18      We conclude that, although Altepeter never explicitly opined Gregory “was so totally incapable of providing for his own care or custody as to create a substantial risk of serious harm to himself,” his testimony nevertheless supports that determination.  Specifically, Altepeter testified that to maintain Gregory’s safety he needed to be under twenty-four-hour supervision.  Altepeter explained Gregory was not capable of adequately providing for his own care and custody because of his substance abuse, cognitive limitations, memory deficits, and lack of problem-solving skills.  Gregory has suffered three significant head injuries in the past two to three years, and the resulting trauma, as well as substance abuse, caused his current dementia.  On appeal, Gregory concedes “there [is] no dispute … his accidents related to the use of alcohol.”  Altepeter expressed concern that because of Gregory’s “substantial history of alcohol and drug abuse and probably dependence,” there was a “risk [he] would … try to seek those substances.”  He warned that further substance abuse or head trauma would worsen Gregory’s dementia. 
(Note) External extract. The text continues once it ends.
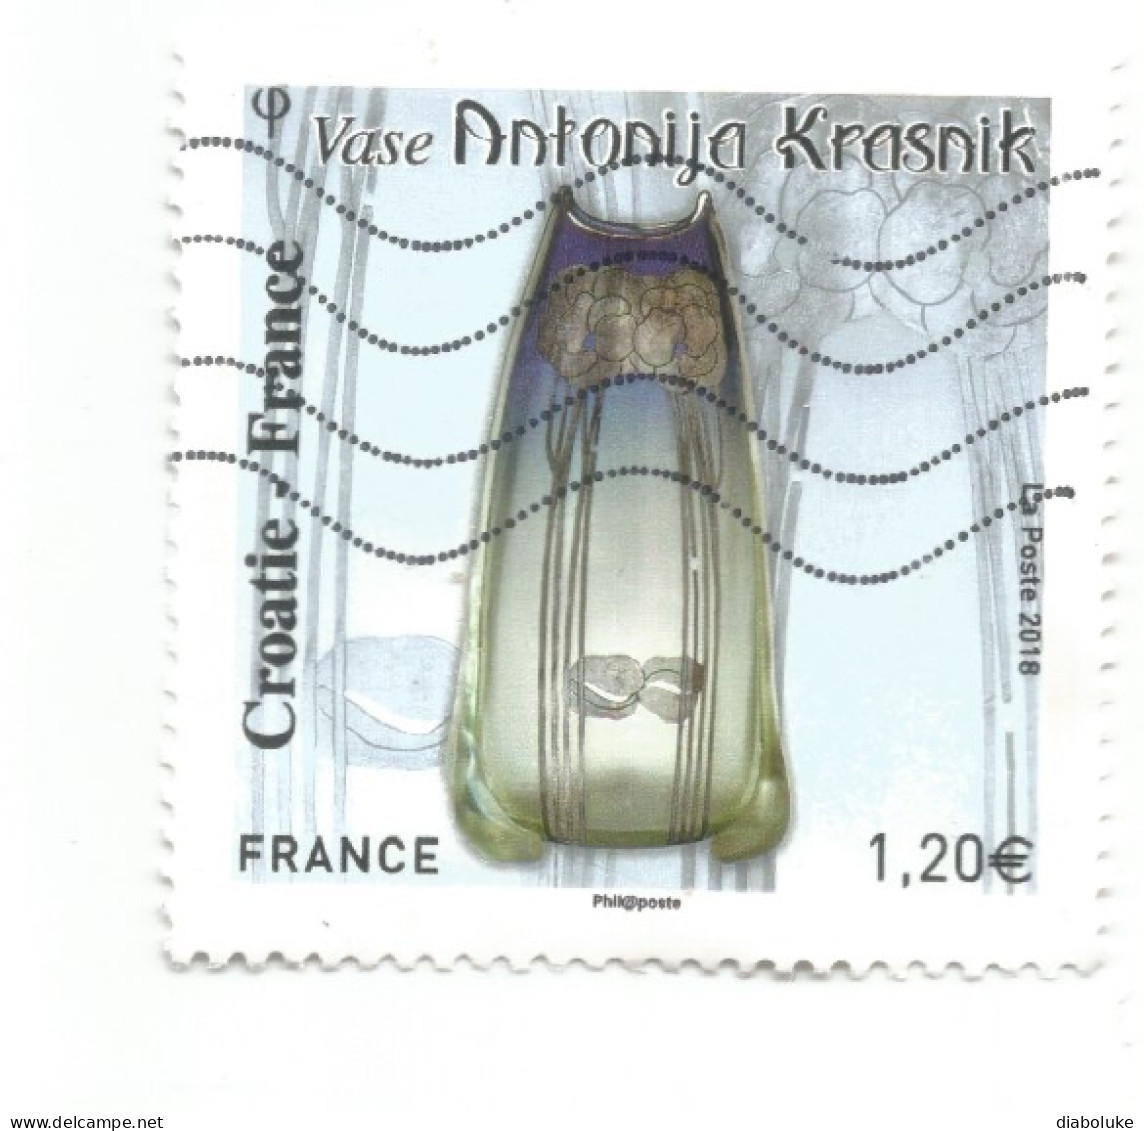 (JOINT ISSUE) 2018, VASE BY ANTONIJA KRASNIK - Used Stamp - Oblitérés
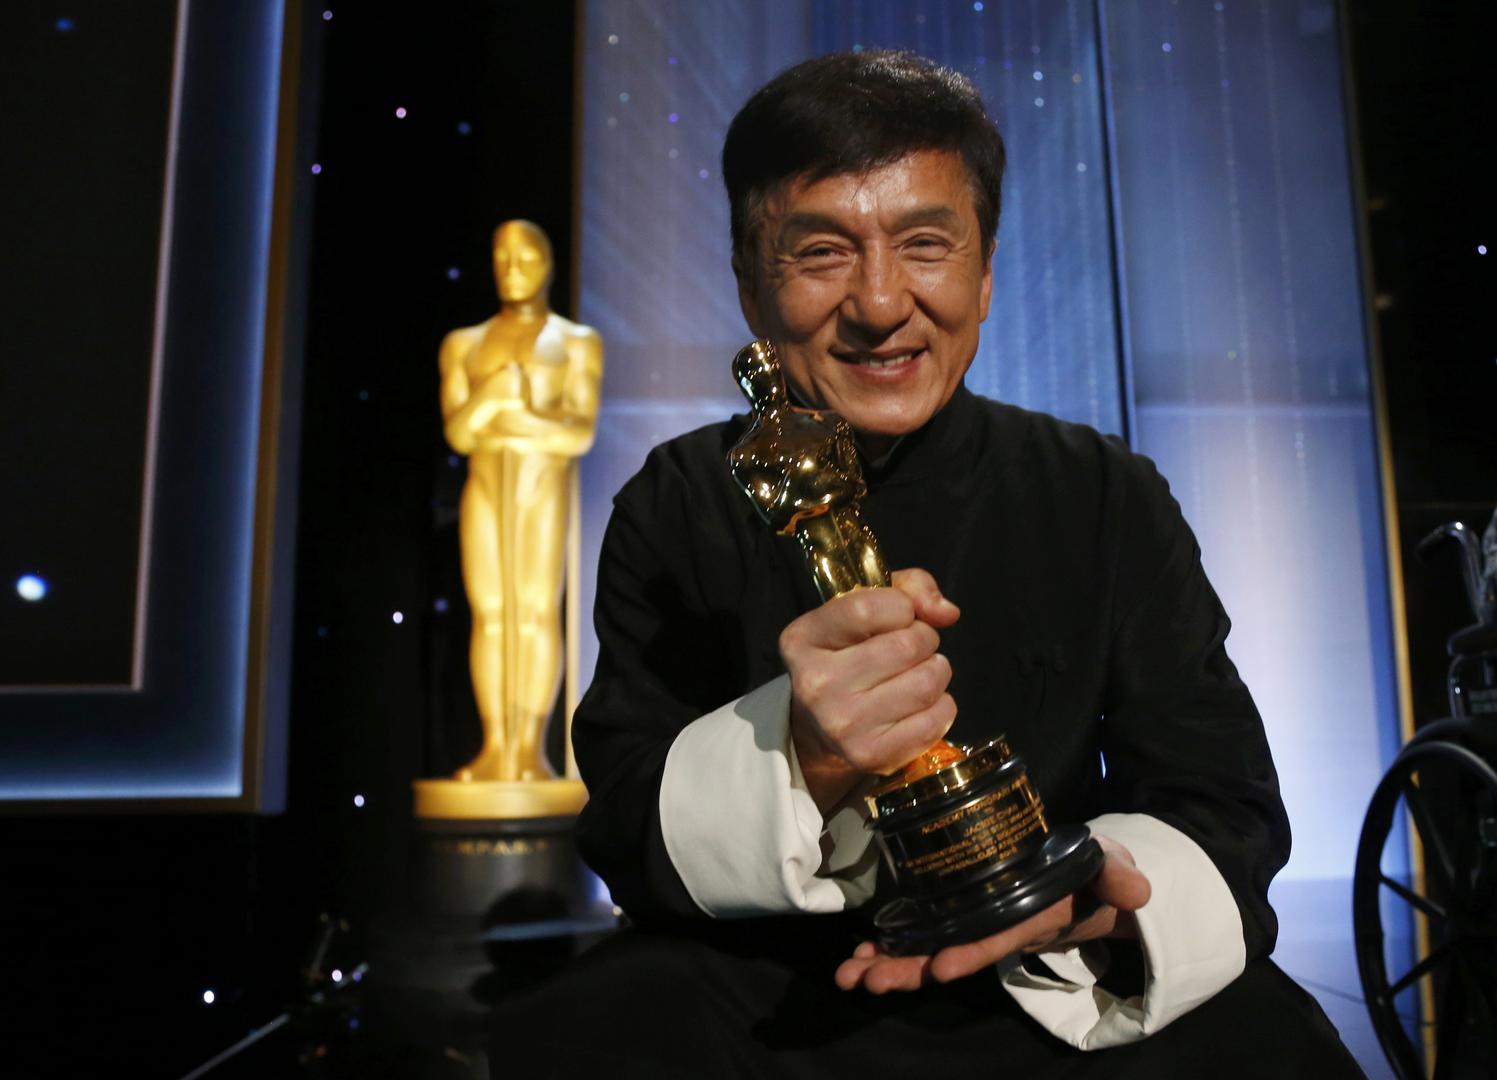 Na petom je mjestu Jackie Chan, a slijede ga Robert Downey Jr, Tom Cruise te tri zvijezde Bollywooda, Shah Rukh Khan, Salman Khan i Akshay Kumar.

19      The record adequately supports the conclusion that Gregory is so totally incapable of providing for his own care or custody as to create a substantial risk of serious harm to himself.  Although Altepeter did not know whether Gregory was using alcohol or drugs at the time he was detained, “the [protective placement] statute does not require that dangerousness be proven by recent acts or omissions.”  See K.N.K. v. Buhler, 139 Wis. 2d 190, 203, 407 N.W.2d 281 (Ct. App. 1987).  We agree with the circuit court that “his history of drug and alcohol abuse and his injuries related to that abuse and the relative recent past [show] that he is at this time a danger to himself.” 

            By the Court.—Order affirmed.

            This opinion will not be published.  See Wis. Stat. Rule 809.23(1)(b)4.

 

 

 


 



[1]  This appeal is decided by one judge pursuant to Wis. Stat. § 752.31(2).  All references to the Wisconsin Statutes are to the 2009-10 version unless otherwise noted.